** Information supplied follows **
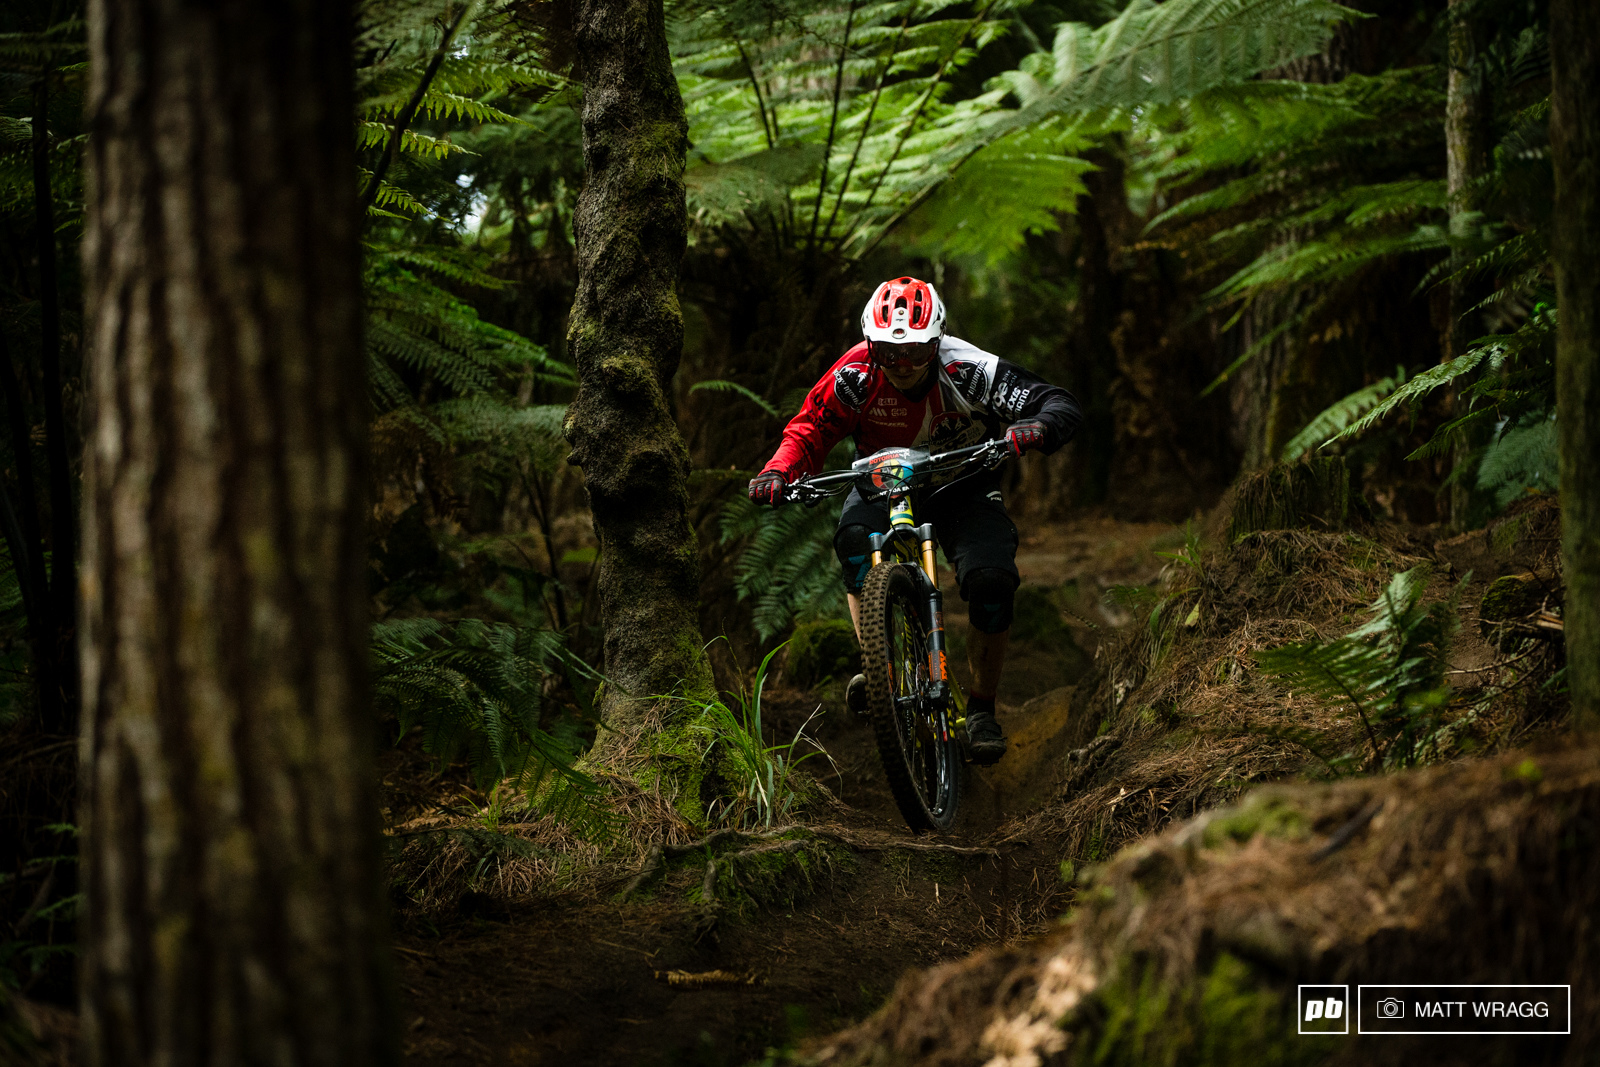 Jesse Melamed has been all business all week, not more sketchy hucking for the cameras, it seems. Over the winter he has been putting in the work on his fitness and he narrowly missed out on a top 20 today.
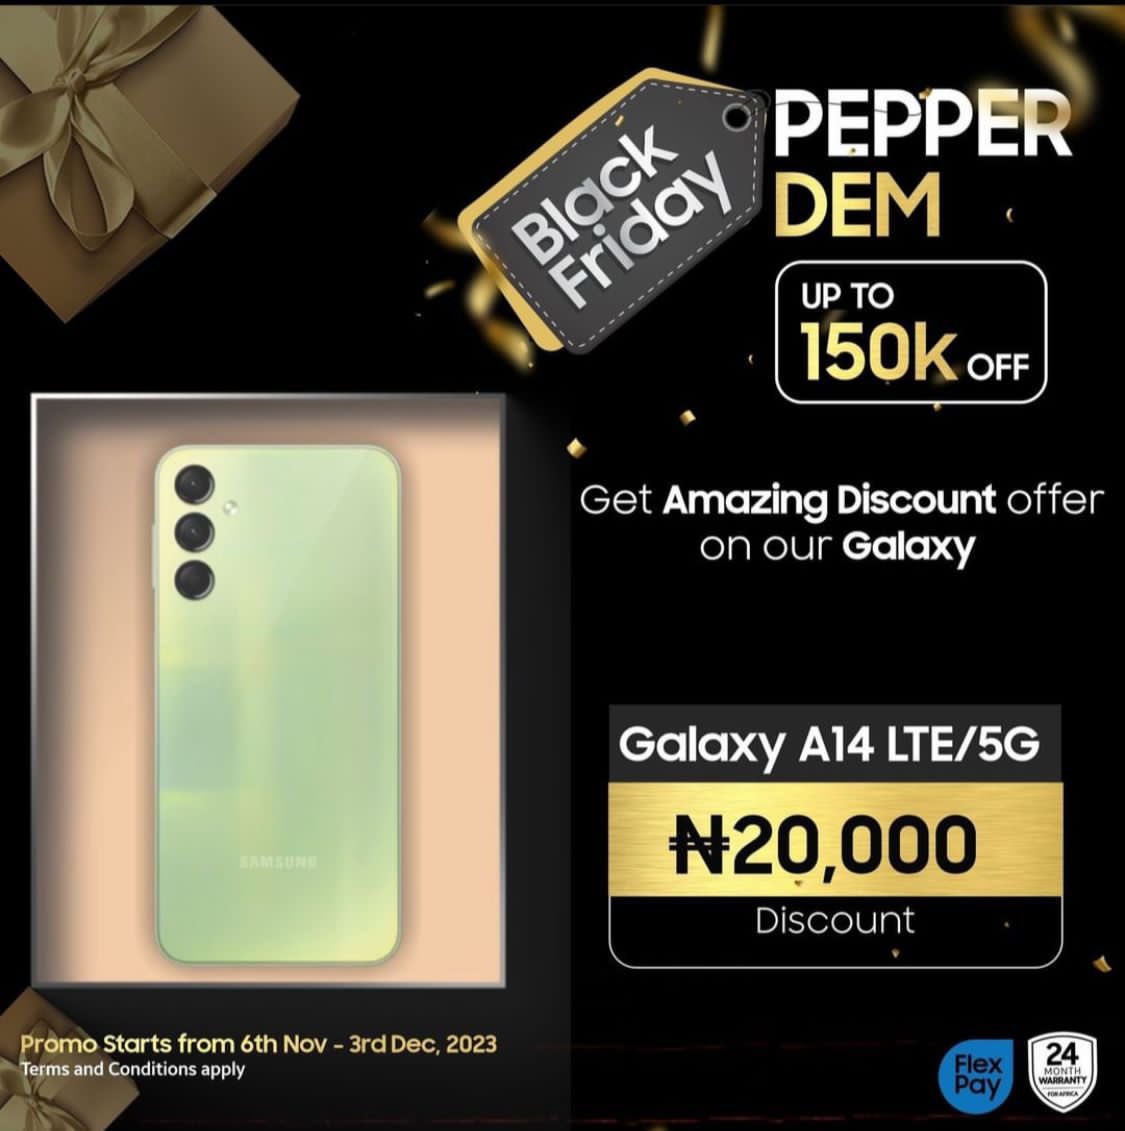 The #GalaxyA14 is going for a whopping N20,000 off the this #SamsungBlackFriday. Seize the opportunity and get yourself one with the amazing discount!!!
** End of Information supplied **
** Information supplied follows **
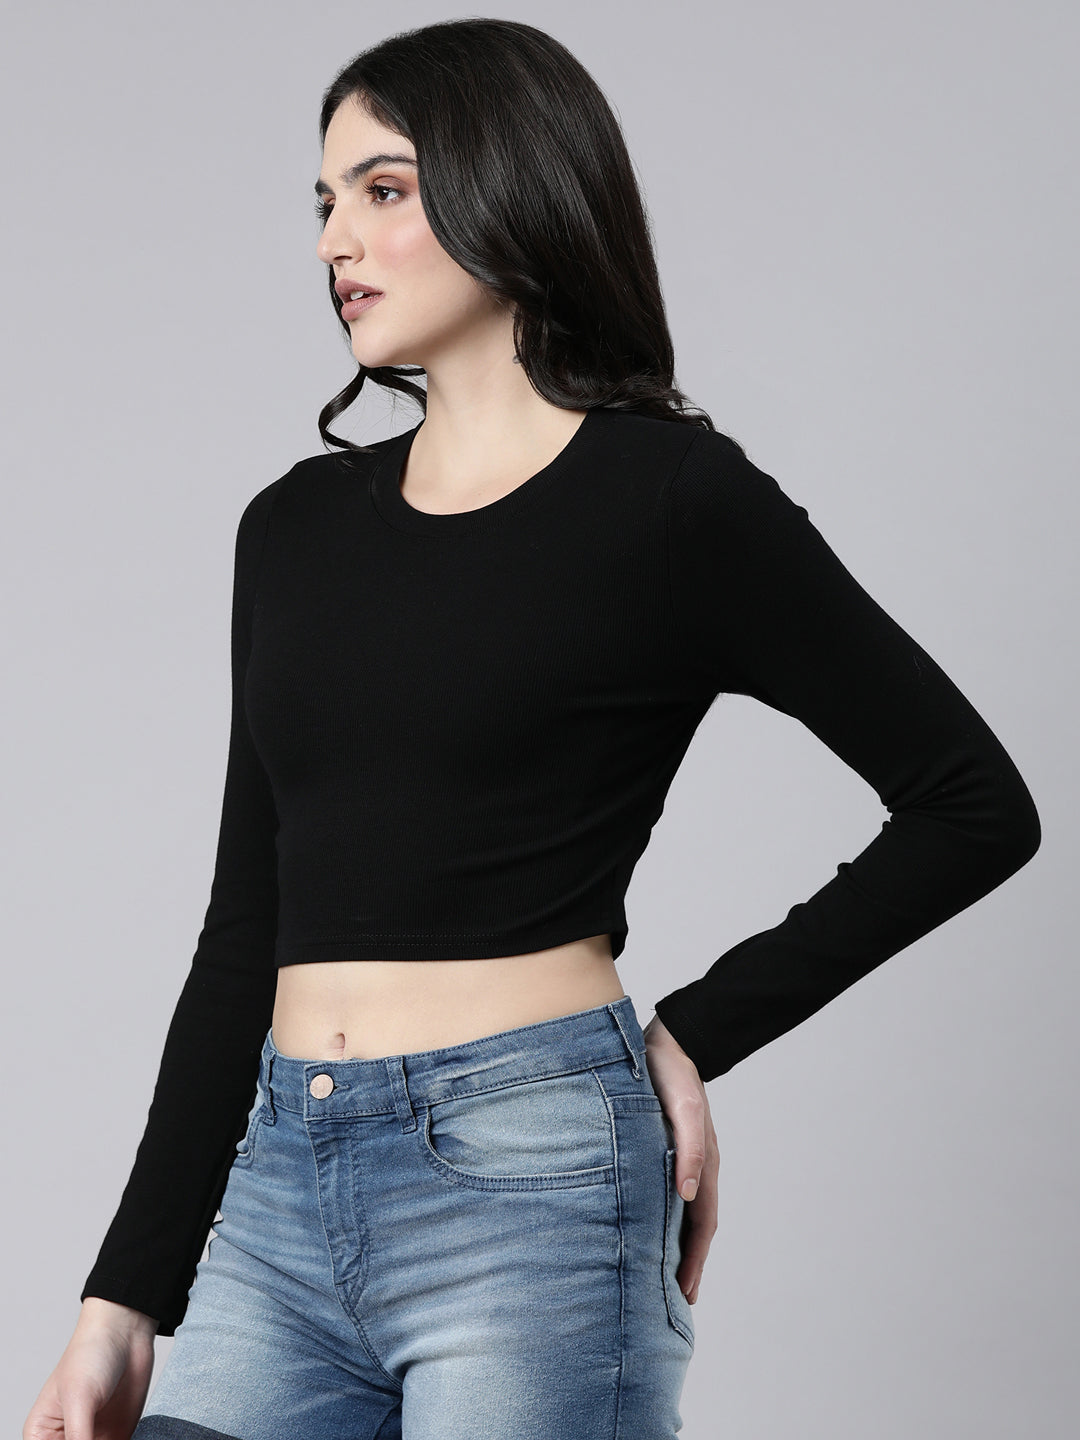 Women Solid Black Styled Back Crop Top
** End of Information supplied **
** Information supplied follows **
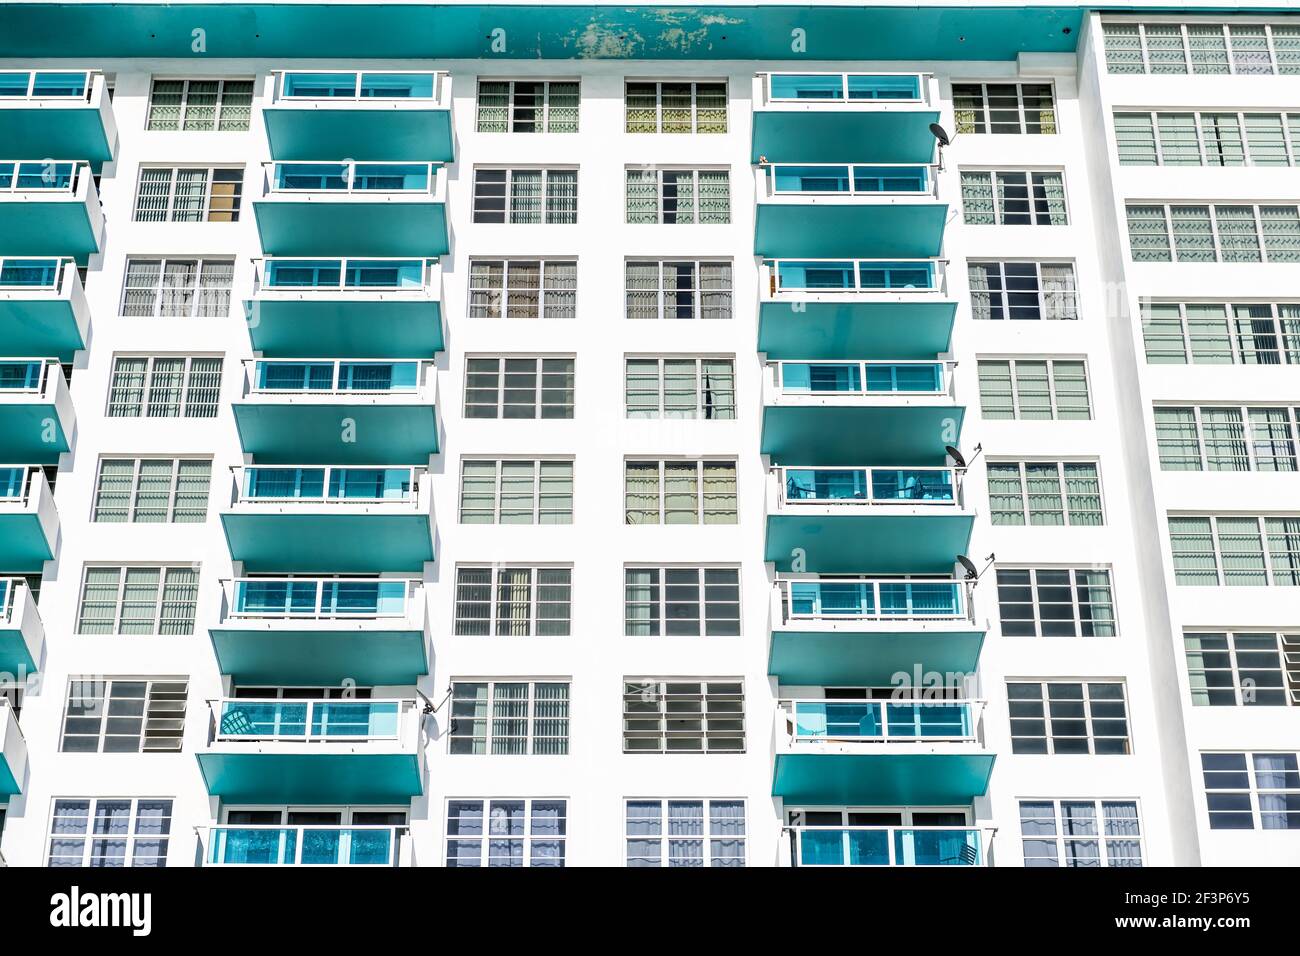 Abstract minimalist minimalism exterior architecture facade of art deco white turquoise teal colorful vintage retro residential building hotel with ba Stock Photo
** End of Information supplied **
Problem requirements =>
Exactly the lines above from the one that contains "Jesse Melamed has" down to the one that contains "The #GalaxyA14 is" are to be output, both ends kept and pictures omitted.

Exercise output =>
 Jesse Melamed has been all business all week, not more sketchy hucking for the cameras, it seems. Over the winter he has been putting in the work on his fitness and he narrowly missed out on a top 20 today.
 The #GalaxyA14 is going for a whopping N20,000 off the this #SamsungBlackFriday. Seize the opportunity and get yourself one with the amazing discount!!!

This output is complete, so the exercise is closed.